Hi! I've once again stocked my aquarium, but my fish (except the betta) seem to stay at the bottom half of the tank. I'd like some suggestions for fish that will hang out near the surface and not hide in the plants.

The tankmates will be corys, cardinal and rummynose tetras, 1 betta, 1 angel and a pair of kribs.

My criteria are:
- must get along with above fish and especially not nip the betta/angel's fins
- colourful/pretty to look at
- small
- able to live in small #s (I'm thinking of getting 3-5 fish)
and obviously must enjoy swimming near the water's surface.

Please don't suggest danios of any kind or hatchetfish (hate the former, have had bad luck with the latter committing suicide)

Thanks!


----------



## WiyRay (Jan 11, 2009)

Clown/Rocket Killifish?


----------



## pat3612 (Jan 29, 2008)

Dwarf Gouramis black neons, rainbows are nice .


----------



## newbiefishfanatic (Dec 11, 2008)

danios and guppies. i find that the ones i have mostly hang out in the middle-top of the tank. my gouramis love to hang out in floating plants at the surface also.


----------



## Riceburner (Mar 14, 2008)

My female gourami used to be all over, but she hides now. The small male does go all over though.

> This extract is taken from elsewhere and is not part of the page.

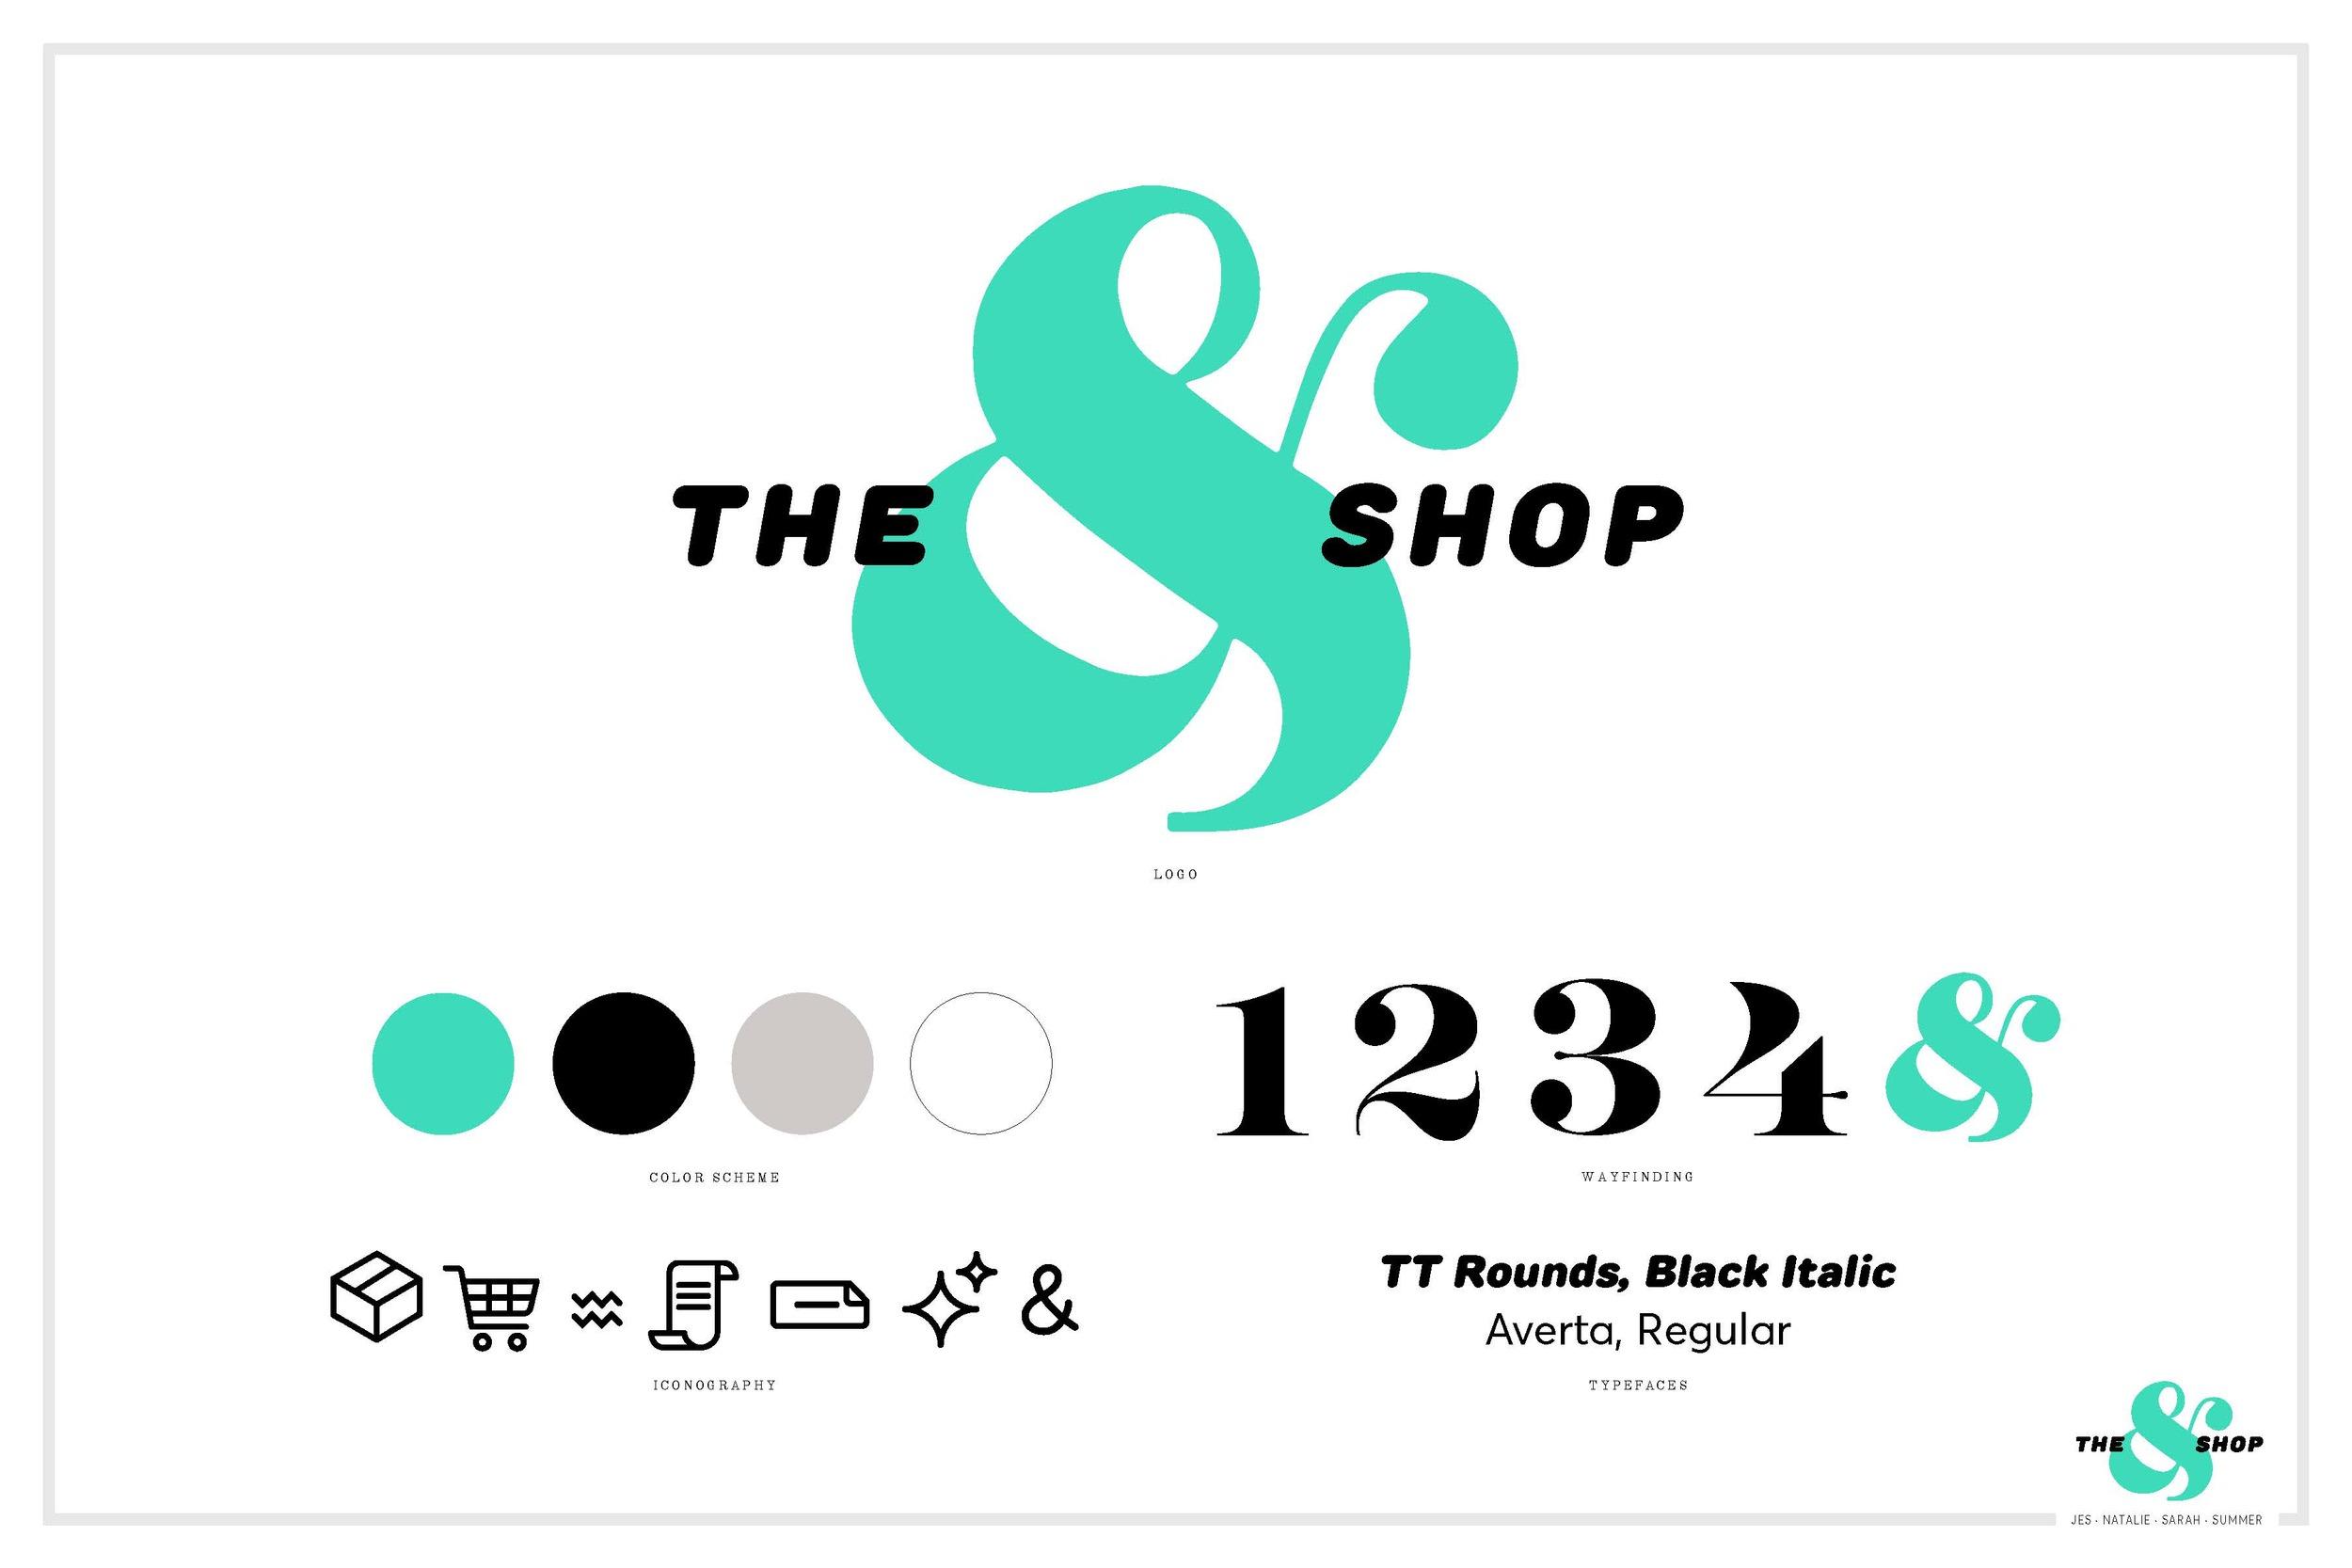 &-Shop-Digital-Presentation_Page_14.jpg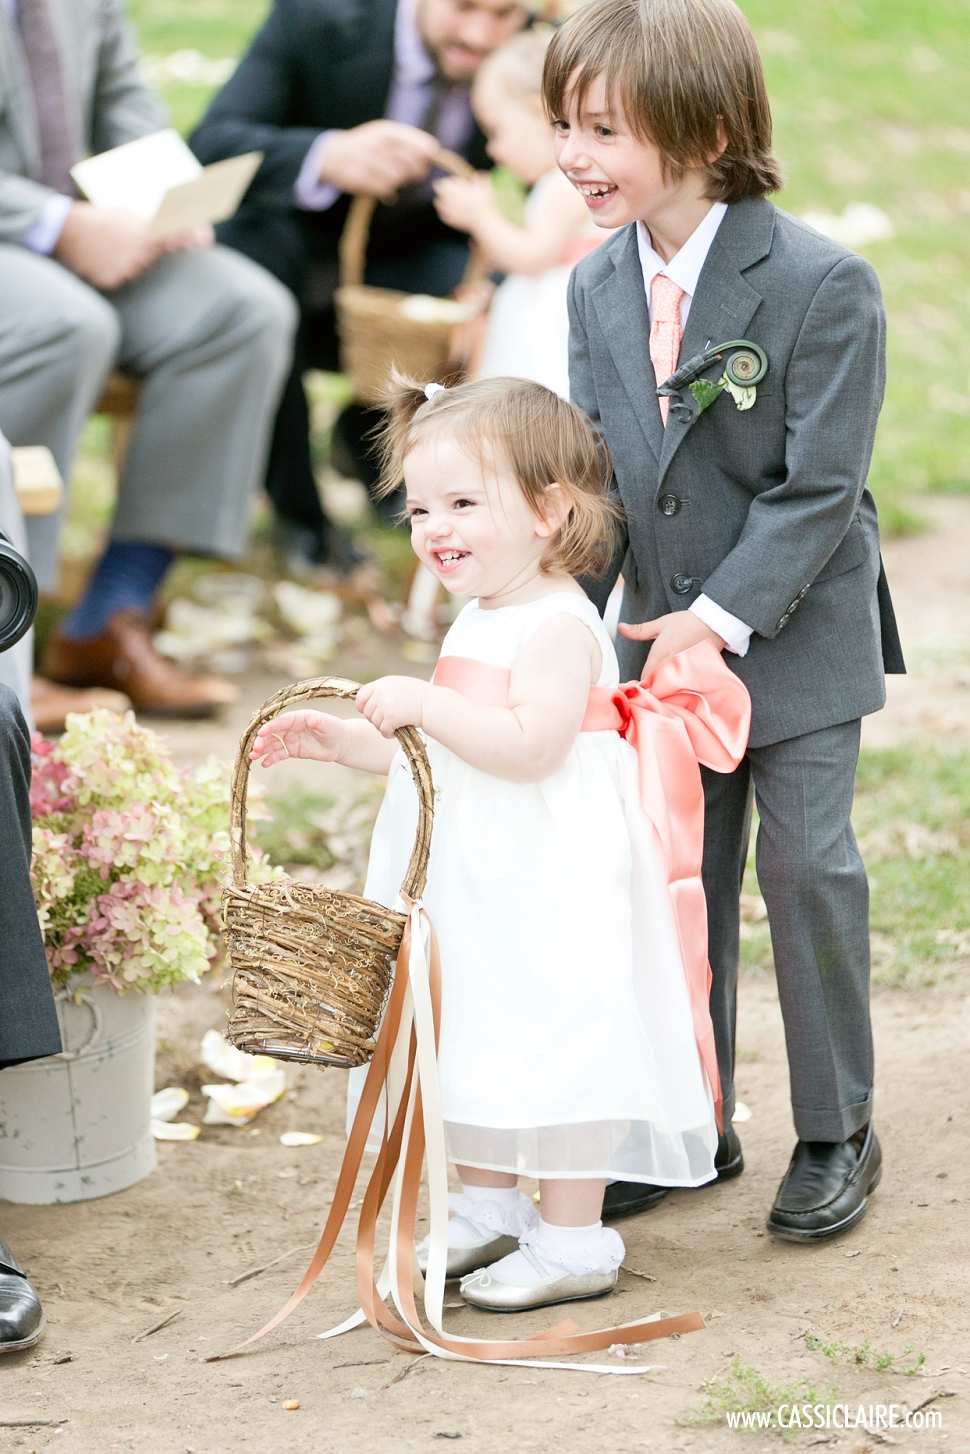 Prospect-Park-Picnic-House-Wedding_Cassi-Claire_31.jpg

My guppies and platies hang out at the top....but don't know how they would do with a betta. being fancy tail guppies, not sure the betta would take to them or chase and fight with them. Would be great if he got along...would mean a bigger tank for him to roam.


----------



## kweenshaker (Mar 11, 2006)

I _could_ technically put the betta back in a 1 gallon tank, but he seems to like swimming around the larger one. Are gouramis and angels ok together? I like the idea of a couple dwarf gouramis. Never thought of rainbows - although I haven't had much luck with them in the past. I considered black neons, but I think they'd probably just hang out in the plants with my cardinals and rummies....hmmm

oops...I just read that "gouramis" is actually incorrect as gourami is already plural! There's a little english lesson for us all! lol


----------



## Daveyman (Jan 28, 2009)

newbiefishfanatic said:


> danios and guppies. i find that the ones i have mostly hang out in the middle-top of the tank. my gouramis love to hang out in floating plants at the surface also.


Haha that's the same with me!

My Gold Gourami stays in my trees, and my blue gourami stays in the rock castle... their names are Tarzan and King =)


----------



## Janz (Apr 12, 2008)

how anout more cardinal tetras? they will school in bigger groups and feel more secure and there fore be closer to the top!


----------



## Mr Fishies (Sep 21, 2007)

I kept 6-7 White Cloud Mountain minnow with my betta in a 7G. They mostly hung out at the top of the tank adding quite a bit of movement. When they buzzed past him resting on plants, he chased them a lot but I never really saw them bother him.

Pretty and underrated little fish, not as flashy as cardinals or neons, but once they are comfortable in the tank they colour up with sliver/red/brown are really nicely IMO.


----------